## Determining Whether Bayesian Algorithms Are Well Calibrated

For those algorithms that compute posterior probabilities (of a case, an outbreak, or an outbreak characteristic) from surveillance data, it is important to know whether the posterior probabilities are accurate; that is, do they in the long run reflect the actual frequency of cases or outbreaks as determined by a gold standard. We refer to an algorithm that satisfies this requirement as well calibrated. For example, if an evaluator runs a case detection algorithm on a sample of 100 patients of which 10 patients have a disease in question and 90 do not, the sum of the posterior probabilities of a well-calibrated case detection algorithm for the 100 patient would be 10.

We note that an algorithm can trivially meet this requirement by simply outputting the prior probability of an outbreak for each day; therefore, such an evaluation represents a necessary but not sufficient test of the algorithm. As illustrated in Figure 13.13 (Chapter 13), the RODS system uses the case detection algorithm SyCO2 to compute a time series of daily counts of "respiratory syndrome'' by summing the posterior probability of "respiratory syndrome'' produced by SyCO2 for all patients visiting an emergency room on each day. If SyCO2 is well-calibrated, the daily sums should equal the actual number of patients with respiratory illness each day, which could be verified by examination of patient charts or some other gold-standard ascertainment method.

The importance of accuracy calibration is that these algorithms may be used within a decision-analytic framework to compute the expected utility of a decision (Part V), which requires that the posterior probabilities are accurate.

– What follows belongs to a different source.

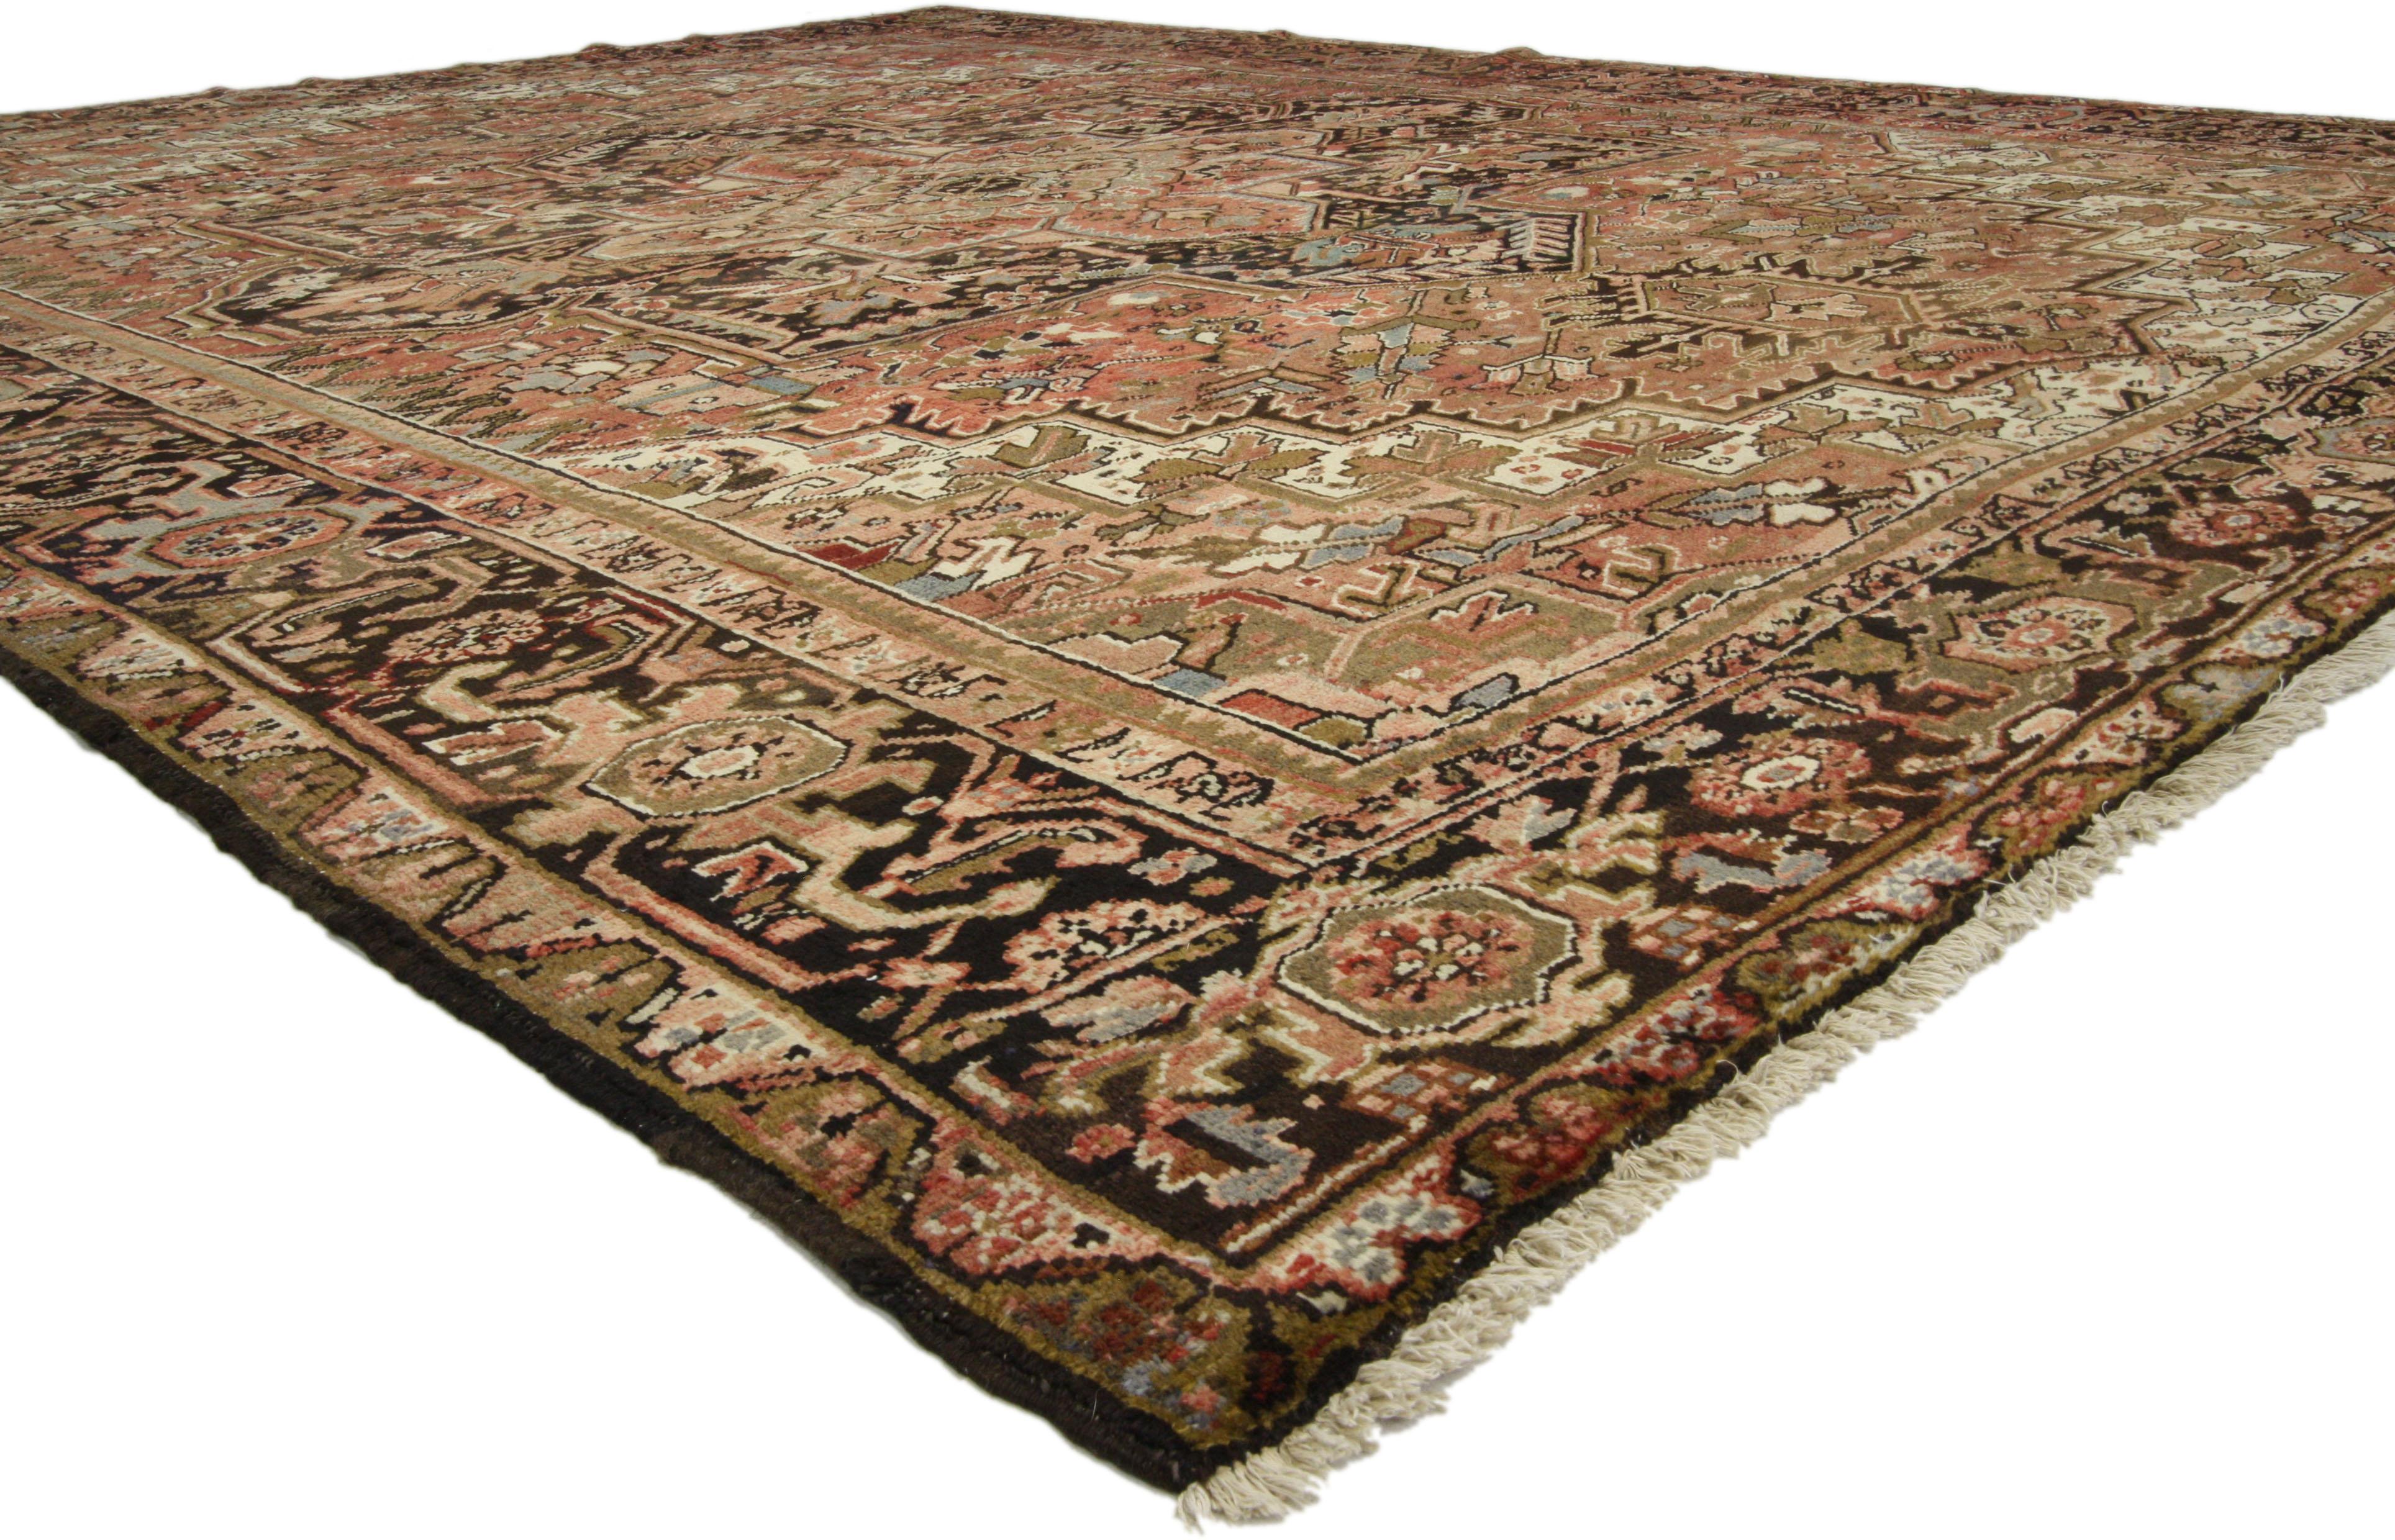 73720, vintage Heriz rug with Luxe style and warm, rustic colors. With timeless appeal, refined colors, and architectural design elements, this hand knotted wool vintage Persian Heriz rug can beautifully blend contemporary and traditional interiors.

As with other evaluations of case and outbreak detection algorithms, case data required to measure the calibration of a case detection algorithm are far more available than outbreak data required to evaluate an outbreak detection algorithm. To evaluate the calibration of an outbreak detection algorithm, an evaluator would assemble a library of time series consisting of outbreak (simulated or real) data and non-outbreak data. He might then compute the posterior probability of an ongoing outbreak for each day in each of the time series. The posterior is well calibrated if the sum of the posterior probabilities across all time series equals the total number of outbreak days in the time series. Again, the evaluator would have to ensure that the outbreak detection algorithm is not "gaming the system'' by always outputting a posterior probability that is equal to the prior probability.